Beraber hastanenin bahçesindeki çardaklara gidip karşılıklı oturduklarında Umut, günün yorgunluğuyla kahvesinden bir yudum alıp gözlerini kapadı. Kaç saattir uykusuz uykusuz oradan oraya koşturmaktan canı çıkmıştı. Bugünün kaçıncı kahvesini içtiğini kendi bile bilmiyordu. Hatta en son aceleyle yediği poğaçanın üzerinden bile kaç saat geçmiş, karnı açlıktan zil çalsa da boş midesini kahveyle doldurmaktan geri durmamıştı.

Hüseyin, cebinden çıkardığı sigara paketinden bir dal alıp dudaklarına yerleştirdiğinde nihayet kahve keyfini tamamlayacaktı. Sigarasını yakıp karşısında oturan adama baktığında elindeki bardağıyla gözleri kapalı durduğunu gördü. Gülen yüzünün aksine fazlasıyla yorgun gözüküyordu. Doktor ona bakmıyorken biraz daha inceledi onu. Koyu sarı saçları sabahkinin aksine şimdi dağınık gözüküyordu. Öyle çok boylu poslu değildi Umut. Hatta Hüseyin'in yanında bayağı minyon sayılırdı. Hüseyin, onu önlüksüz görse doktor bile sanmazdı. Oysa minyon tipine rağmen Umut, Hüseyin'den iki yaş büyüktü.
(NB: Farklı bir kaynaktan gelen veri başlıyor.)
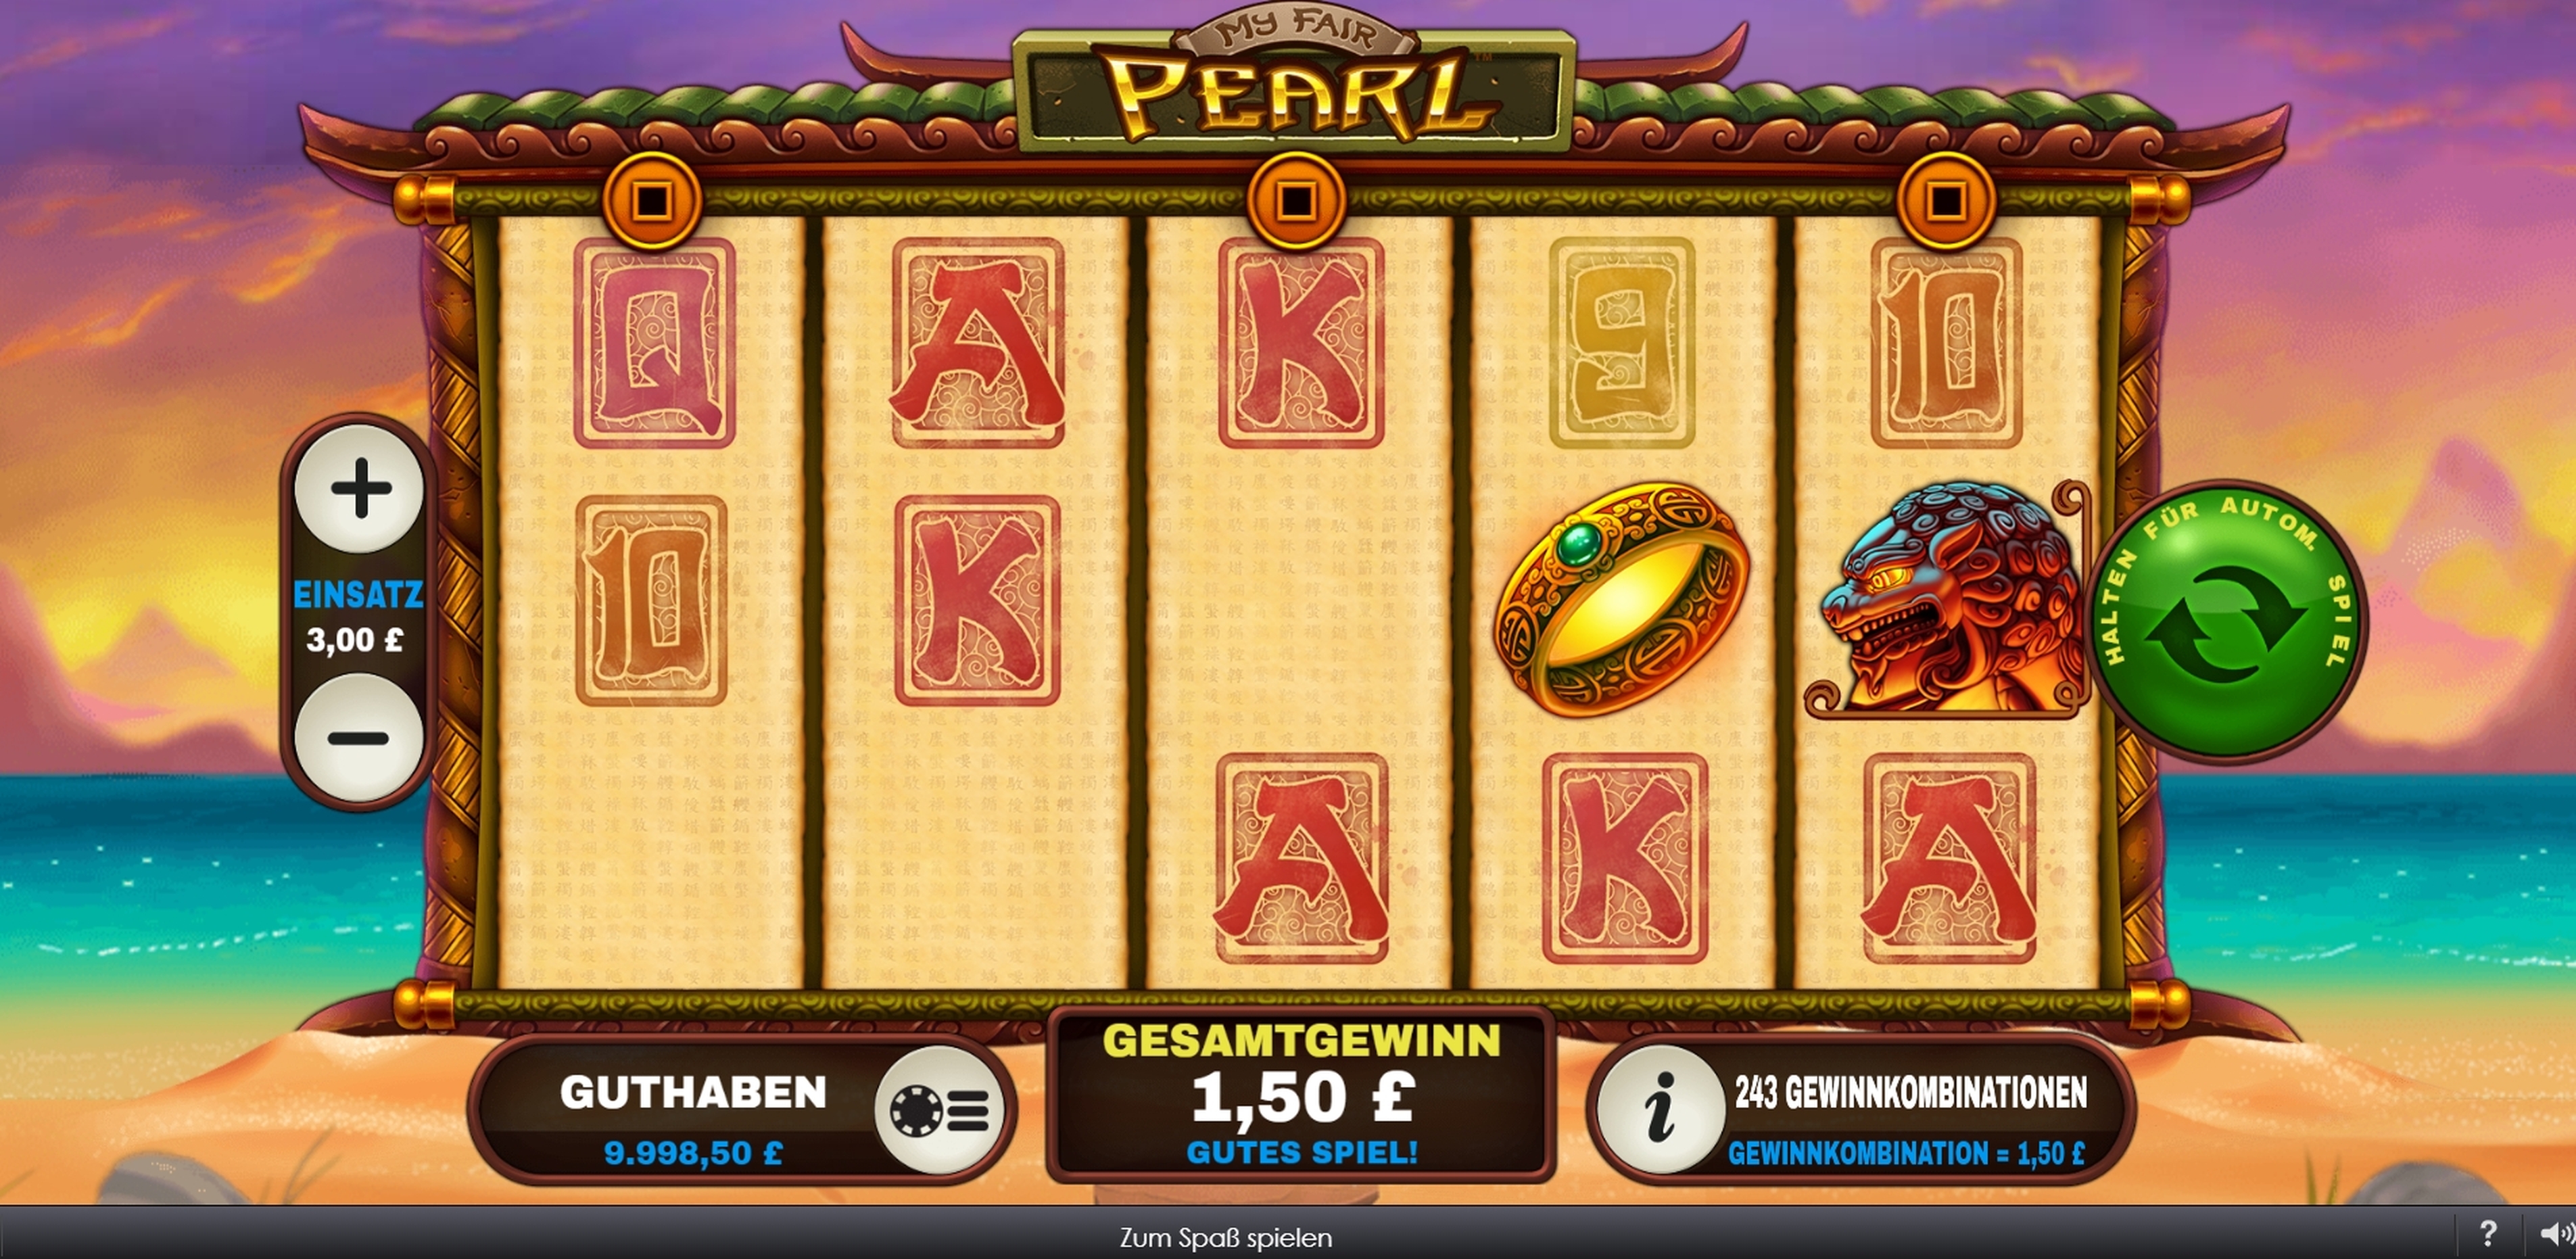 Win Money in My Fair Pearl Free Slot Game by GECO Gaming

Doktorla beraber bahçeye çıkacakları sırada aslında Hüseyin biraz gerilmişti. Okumuş etmiş adam, ne konuşacak, nasıl muhabbet kuracaklardı diye gereksiz yükselmişti. Normalde ağzı iki dakika durmaz, kuyumcu dükkanlarında müşterilerle pazarlığın amına koyarken ne yapıp eder ikna ederdi karşısındakini. Flört işlerinde de ağzı iyi laf yapardı ama nedensizce doktorun yanında kendini eziklemeden edemedi. Belki de üniversiteyi yarıda bıraktığı için yıllarını okumaya vermiş, koskoca doktor olmuş adamı gözünde fazla büyüttüğündendi bu hissi. Şimdi ise konuşmuyorlardı. Çünkü Doktor Umut, on dakikaya yakındır elinde kahve bardağıyla gözleri kapalı öylece oturuyordu.